Она перечитывала это предложение снова и снова, пытаясь разгадать скрытый смысл.

В день её семнадцатилетия пришло особое письмо. В нём была фотография – падре Ричард стоял на террасе Палатинского холма, и в его глазах читалась глубокая задумчивость. На обороте надпись: «Семнадцать лет – возраст, когда сердце начинает слышать свою истинную мелодию. Не бойтесь следовать за ней».

Она спрятала фотографию в книгу сонетов, рядом с засушенной веточкой оливы.

Когда в мае он написал о своём скором возвращении, Оливия поняла: эти месяцы разлуки изменили что-то между ними. Переписка создала пространство для такой близости, какая была невозможна в строгих стенах Алтер-Эдж-Холла.

Они ещё не знали, что эти письма станут самым невинным и самым опасным, что было между ними.

ГЛАВА 10. Возвращение

Июнь разукрасил сады Алтер-Эдж-Холла пышным цветением. Но для Оливии лето началось лишь в тот день, когда по гравию аллеи заскрипели колёса знакомого автомобиля.

Она стояла у окна в музыкальном классе, случайно оказавшись там в этот час, и замерла, увидев его выходящим из машины. За эти месяцы он не изменился – тот же прямой стан, та же сдержанная элегантность в движениях.

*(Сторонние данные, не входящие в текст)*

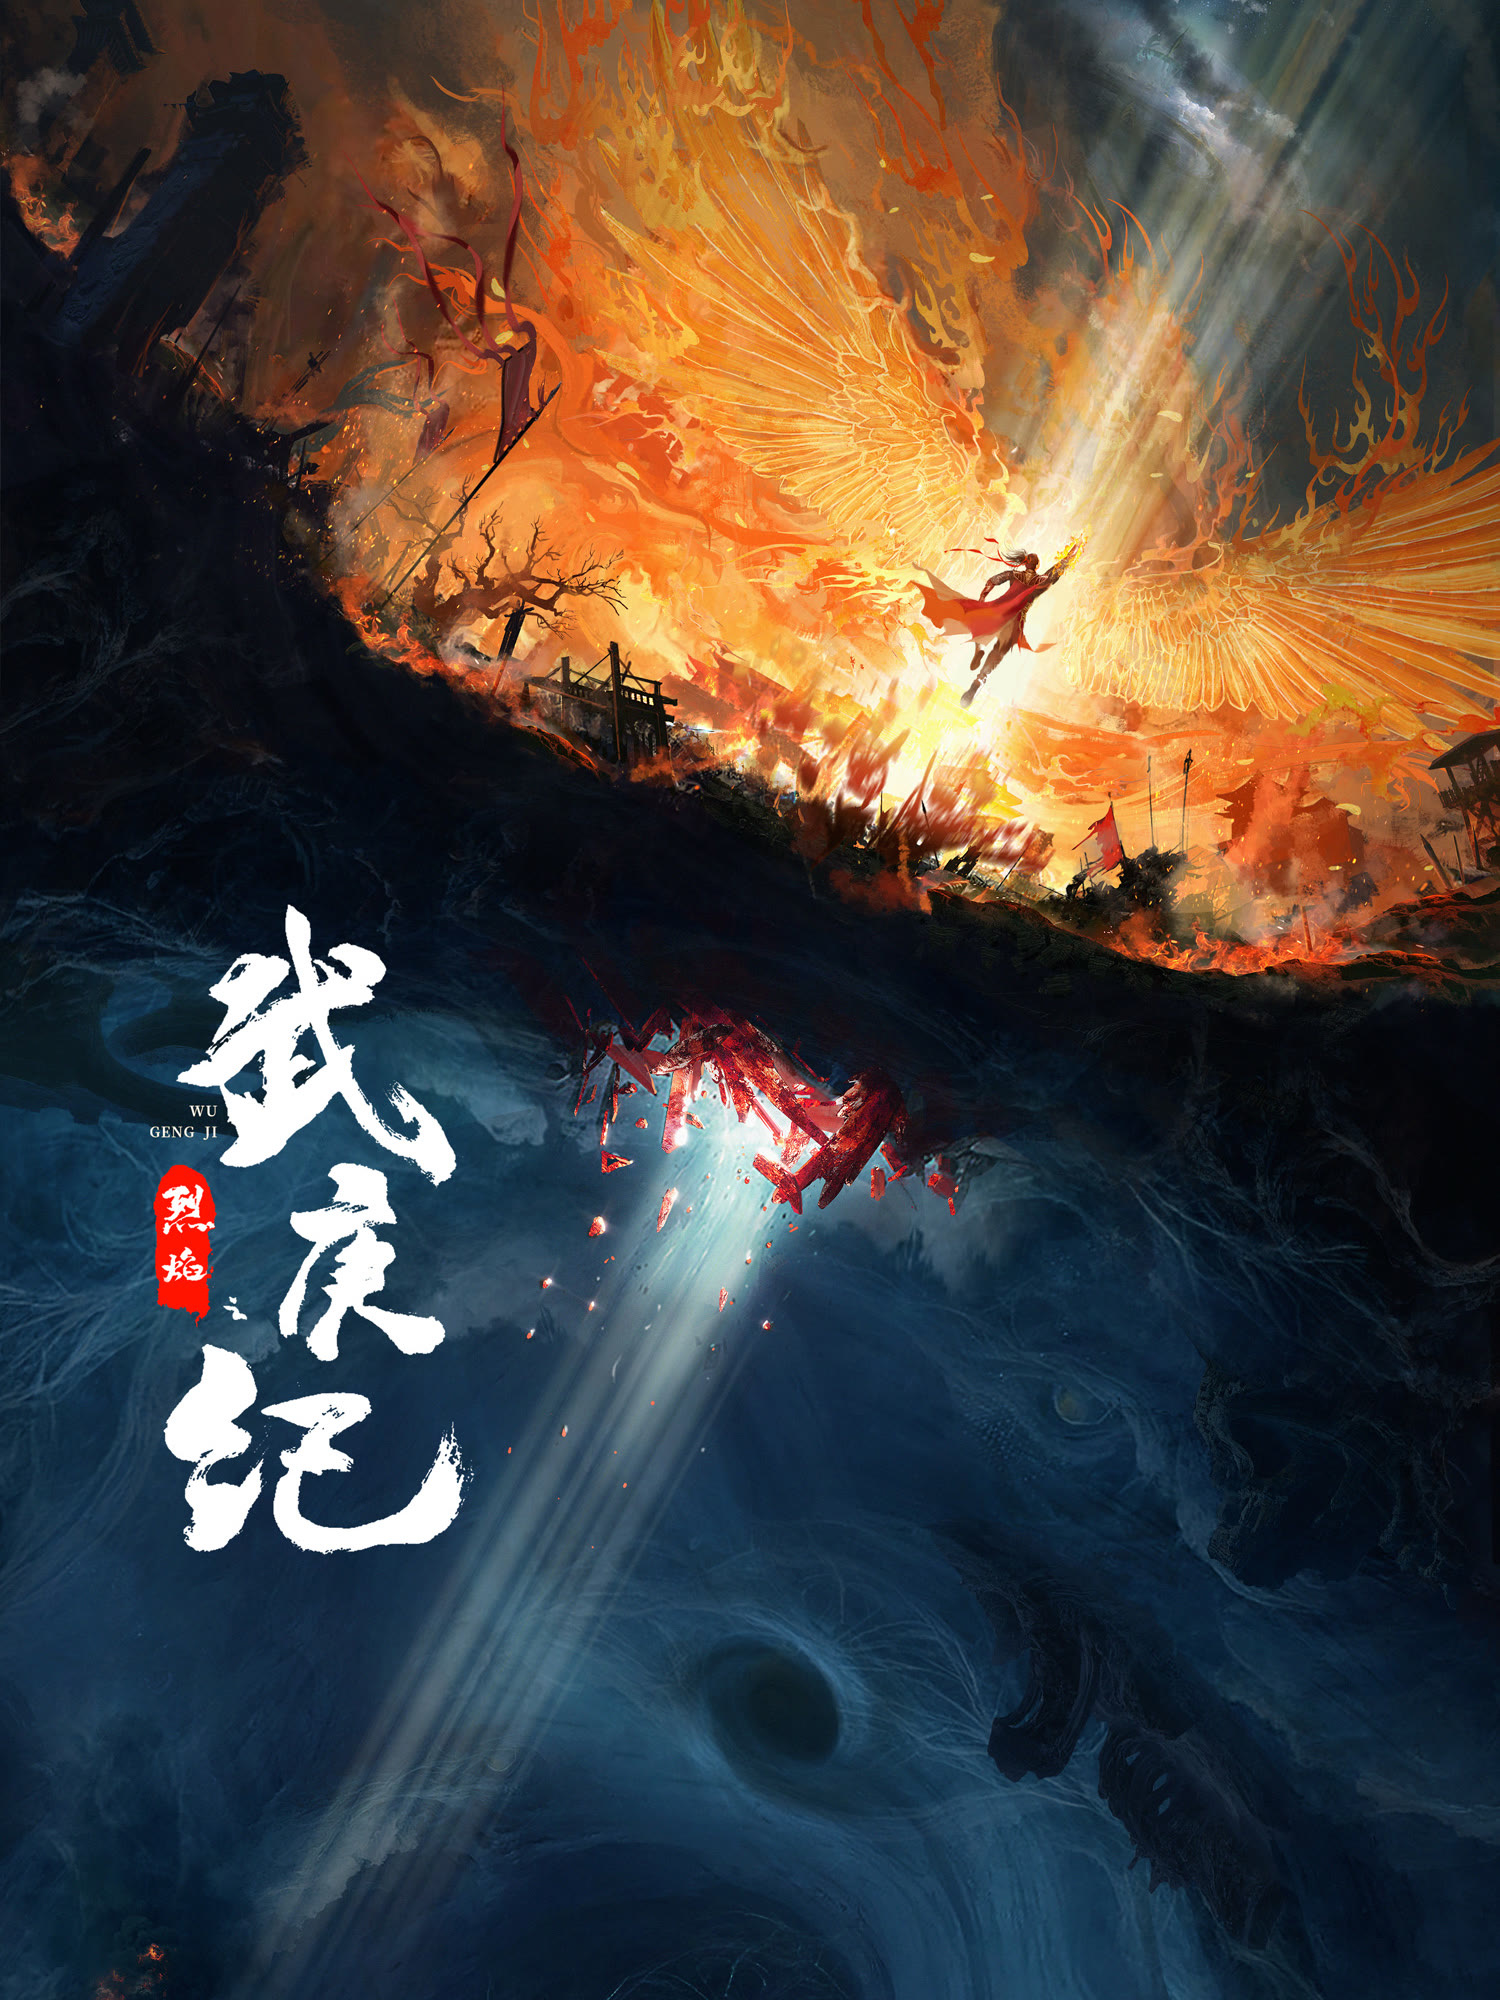 ซีรี่ย์จีน iqiyi-เทพยุทธ์สะบั้นฟ้าท้าสวรรค์ (Burning Flames)

Но что-то было иное в его лице – отпечаток далёких дорог и внутренней усталости.

Оливия отошла от окна, внезапно осознав, как безумно бьётся её сердце. Она боялась этой встречи больше, чем ждала её.

Их встреча произошла в библиотеке через два дня после его возвращения. Он разбирал привезённые книги, когда она вошла – уже не девочка-подросток, а молодая женщина с серьёзным взглядом.

– Мисс Морган, – он обернулся, и в его голосе прозвучала лёгкая неуверенность, словно он видел то же изменение, что заметила в нём она.

– Падре Ричард, – её собственный голос показался ей странно спокойным, хотя внутри всё трепетало.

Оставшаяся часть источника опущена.